Bubur cha-cha is a popular Nyonya dessert of sweet potato, yam, black-eyed beans, tapioca jelly and sago pearls in thick coconut milk. As a child, whenever it was cooked at home, I would eat bowl after bowl. Those times, the word “cholesterol” was never heard of. Preparing the bubur cha-cha is time consuming as each ingredient has to be steamed or cooked separately. Thus, it was not cooked often which made it a much yearned for delicacy.
I had bubur cha-cha at Cynthia’s house last night, skilfully prepared by Robert, who is an accomplished cook in his own right. He added water chestnut, too, in addition to all the usual ingredients. Incidentally, I have already bought the stuff for making the same dessert when I went grocery shopping earlier and had planned to cook it today which I did. I threw caution to the wind and indulged again today with an extra large bowl. Now, the pangs of guilt are slowly settling in. It will be a very long time again when I commit another dietary sin like this.
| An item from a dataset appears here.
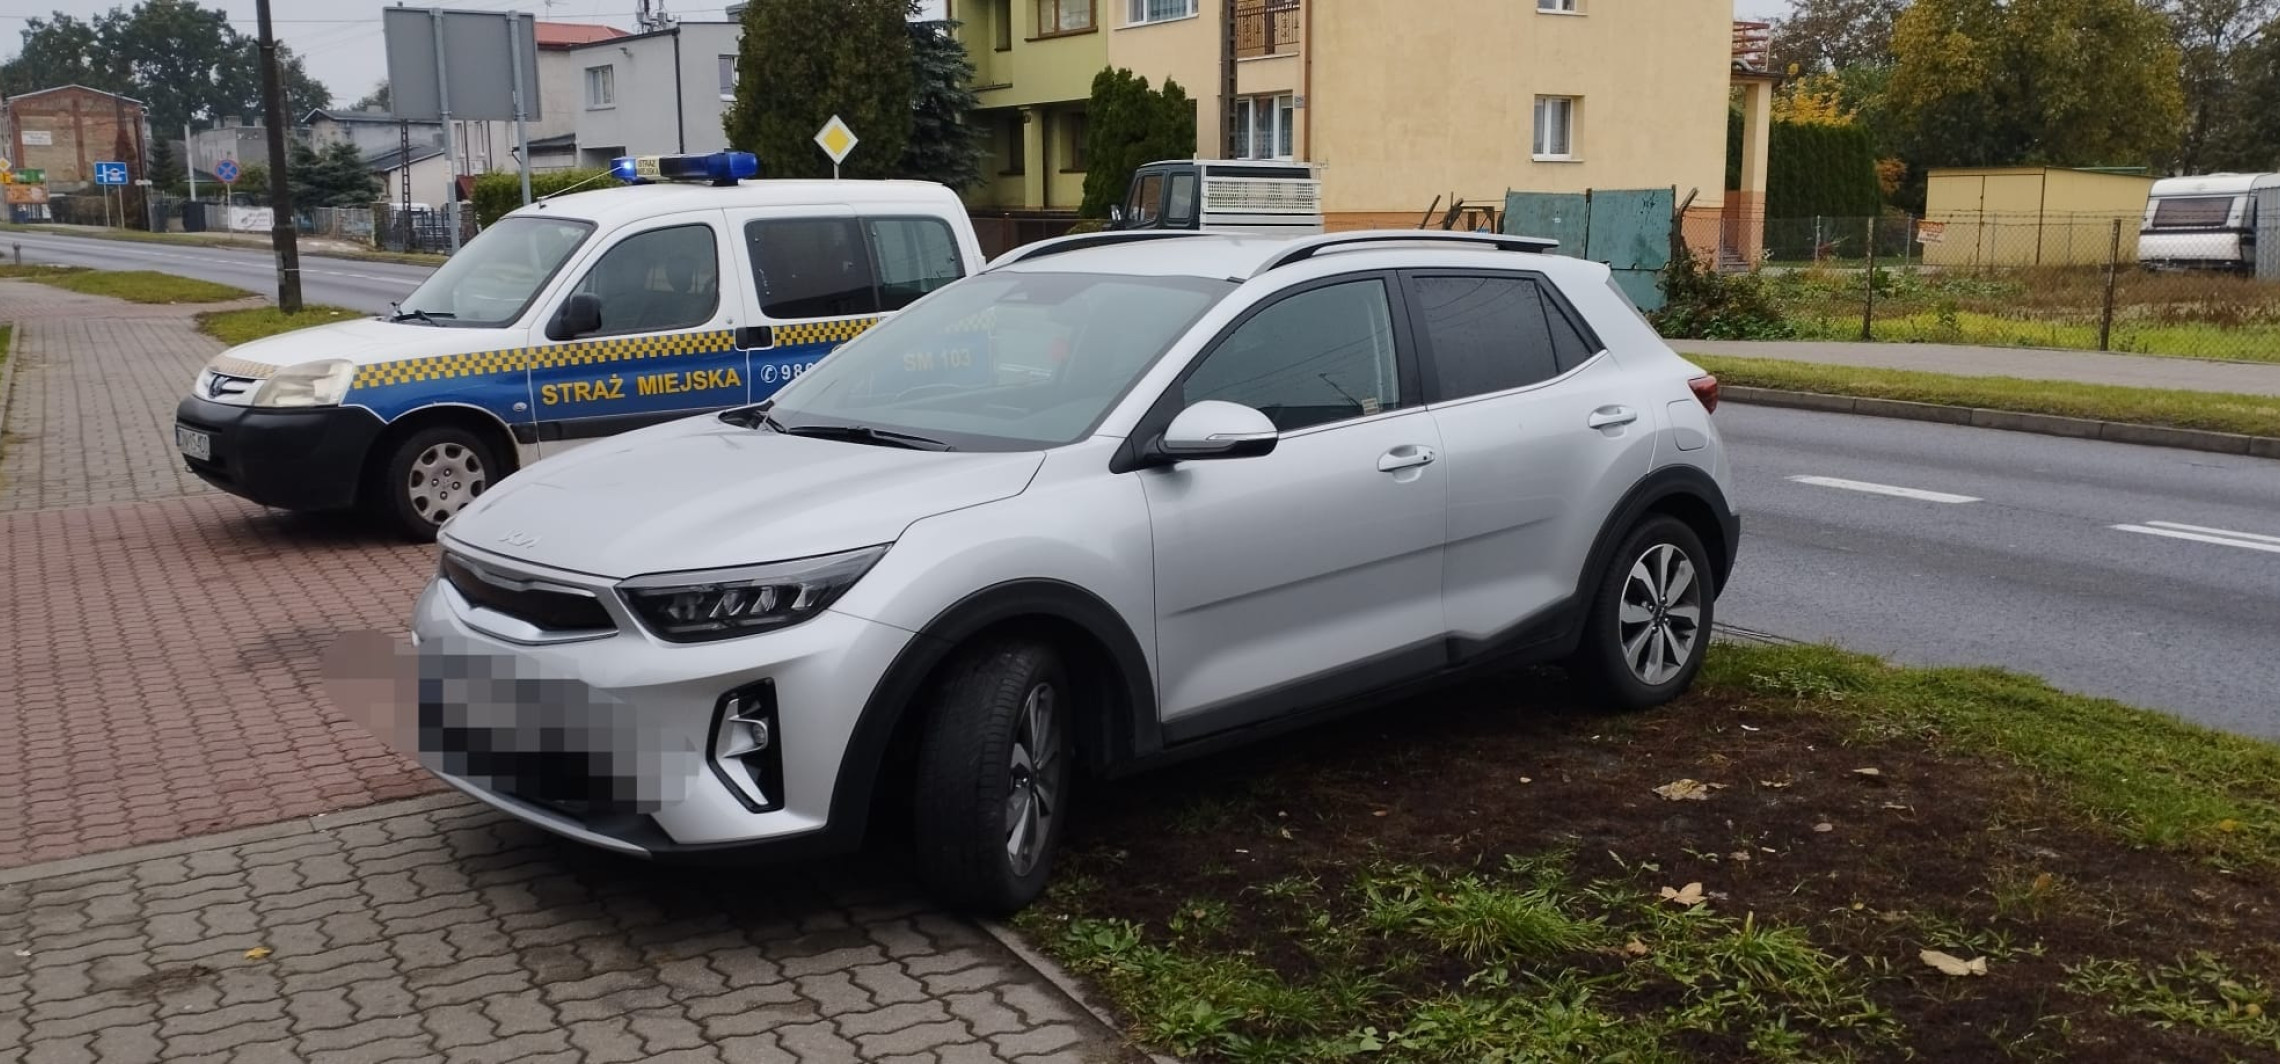 Inowrocław - Tu nie wolno parkować. Ci kierowcy złamali ten zakaz

It was fun while it lasted though.
(This recipe is adapted from The Star’s Nyonya Flavours cookbook.)
300g yam, diced
300g sweet potato, diced
80g black-eyed beans, soaked in hot water for 2 hours
100g sago pearls
100g tapioca starch
3 cups thick coconut milk
100g sugar, or to taste
3 pandan leaves, knotted
Steam yam and sweet potato separately until soft (about 20 minutes) and set aside.
Remove the beans from the water it had been soaking in and cook in boiling water until soft. Remove and set aside.
Cook sago pearls in a pot of boiling until they become translucent (about one half hour). Remove and set aside.
Using a spatula, add boiling water to the tapioca starch in a mixing bowl, bit by bit until it becomes doughy. Mix well. When it can be handled with bare hands, roll into 1cm thickness and cut into strips. Cook in boiling water until they become translucent (about one half hour). Remove and soak in iced water until needed.
Put coconut milk, sugar and knotted pandan leaves into a pot and bring to a gentle boil, stirring continuously. Add yam, sweet potato, black-eyed beans, tapioca jelly and sago pearls and mix well. Serve hot or cold.